- _Task objective_: Would you return, word for word, the lines running from the one with "New Nebraska football" to the final line of the listing below, pictures omitted?

- _Information shown_:
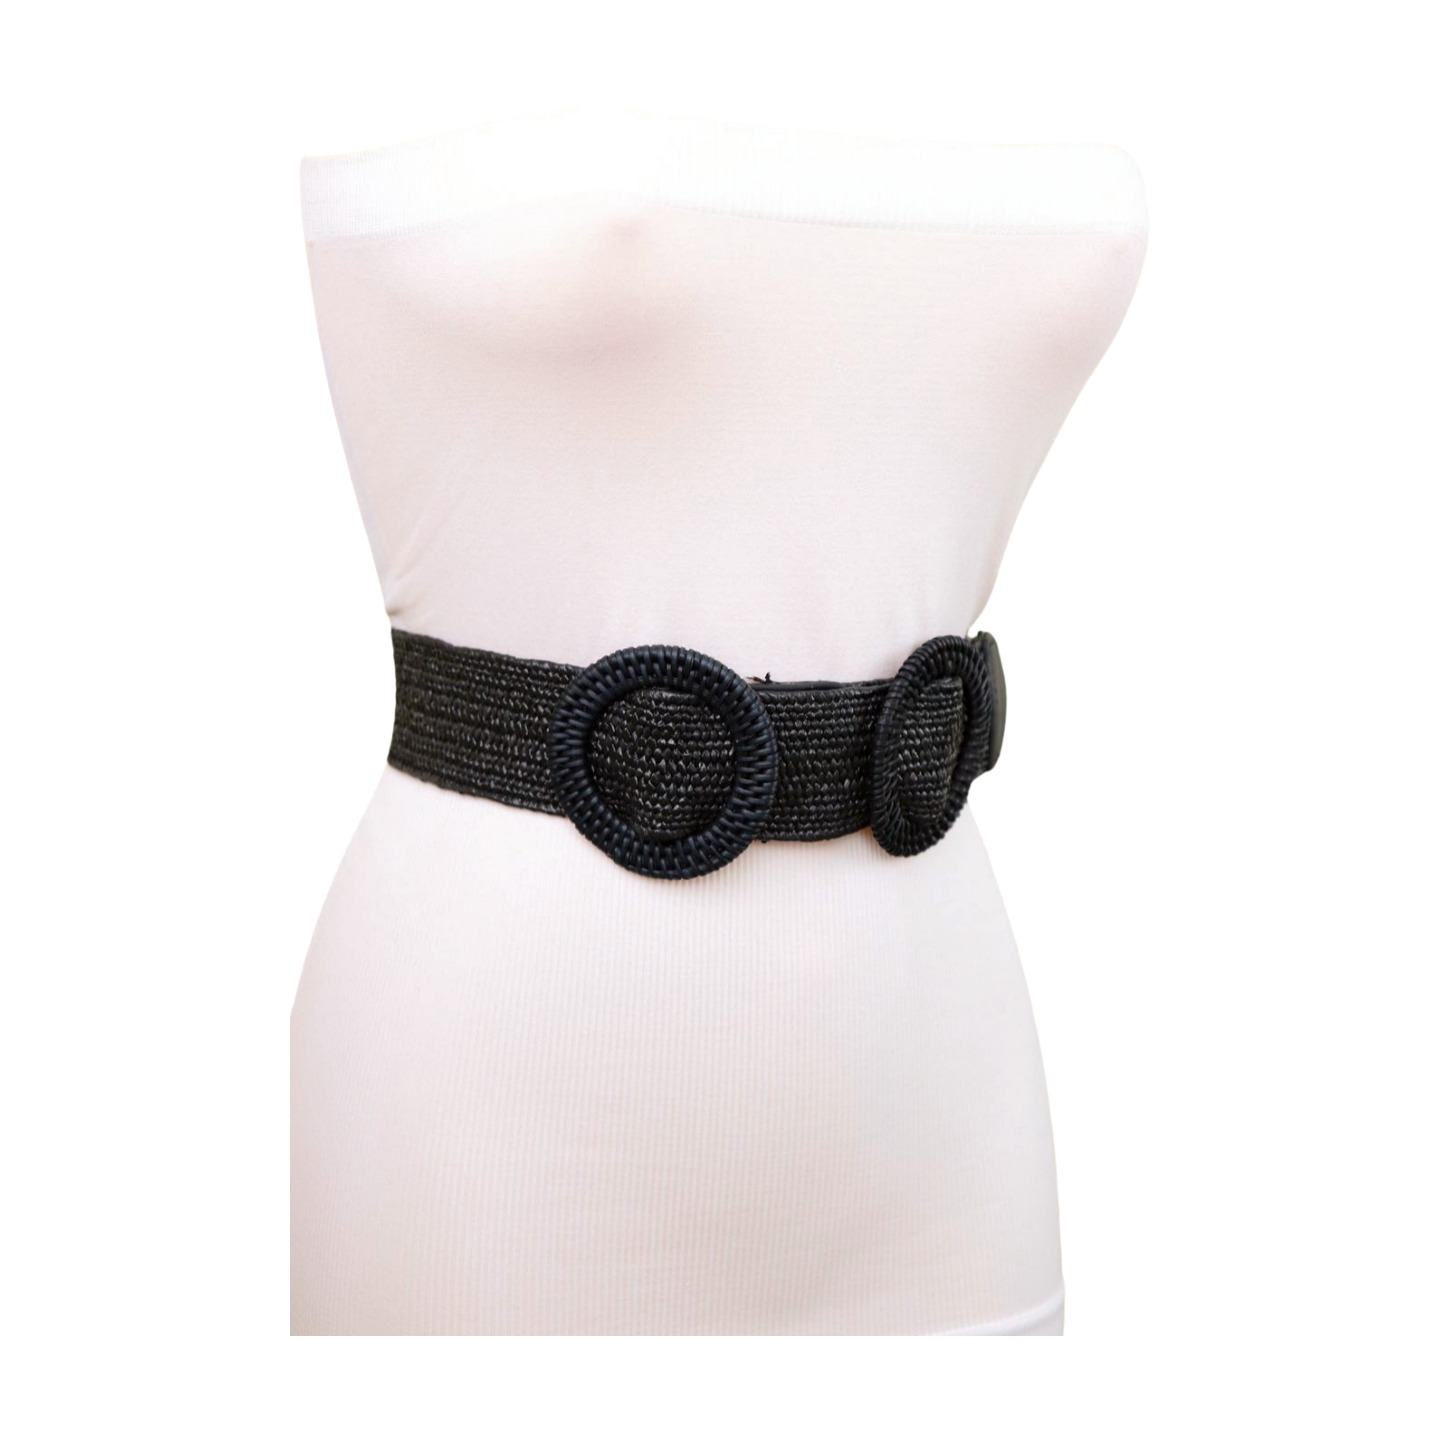 Women Black Braided Elastic Strap Fabric Belt Double Round Buckle Fit Size S M L
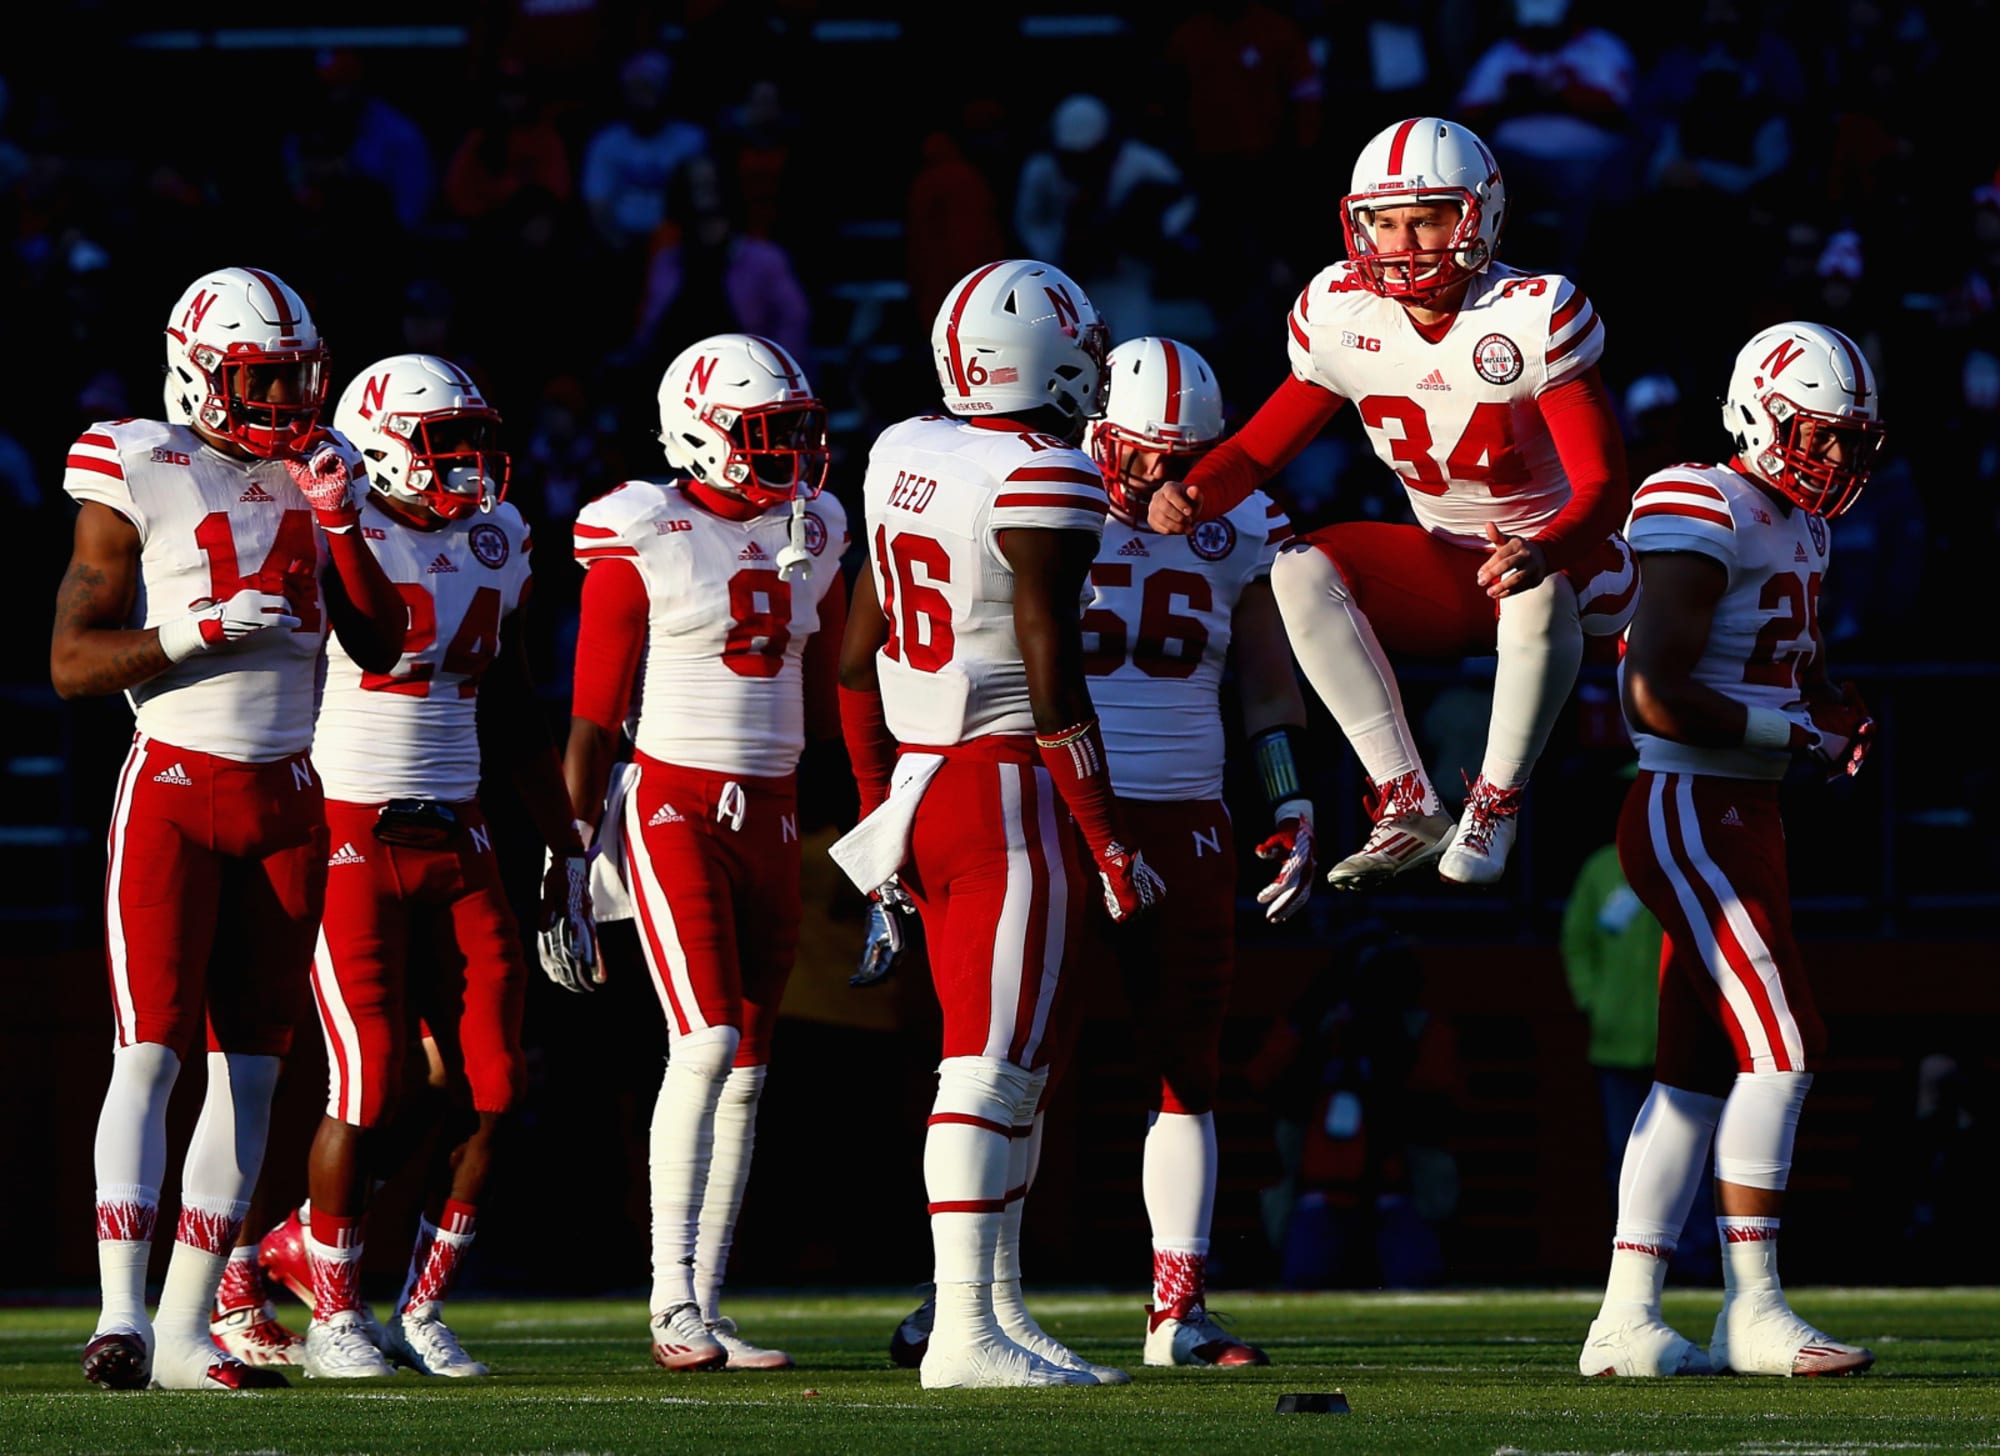 New Nebraska football players get their numbers assigned
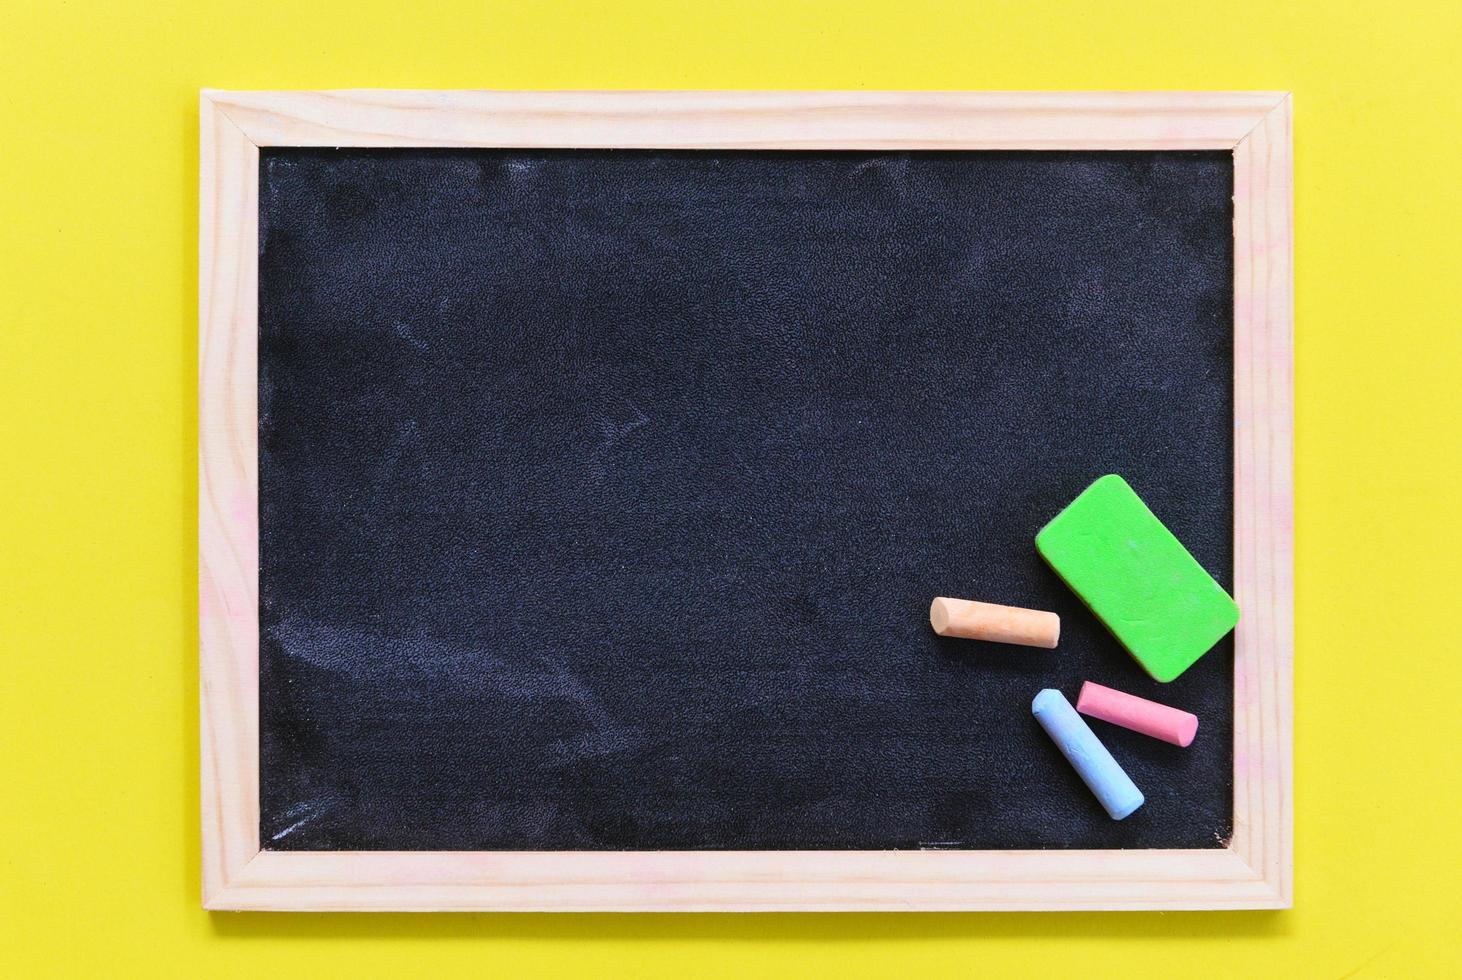 Blackboard dark or chalkboard with horizontal and banner - blackboard texture chalk and eraser writing and drawing for education in school chalkboard background , selective focus photo

- _Exercise output_:
 New Nebraska football players get their numbers assigned
 Blackboard dark or chalkboard with horizontal and banner - blackboard texture chalk and eraser writing and drawing for education in school chalkboard background , selective focus photo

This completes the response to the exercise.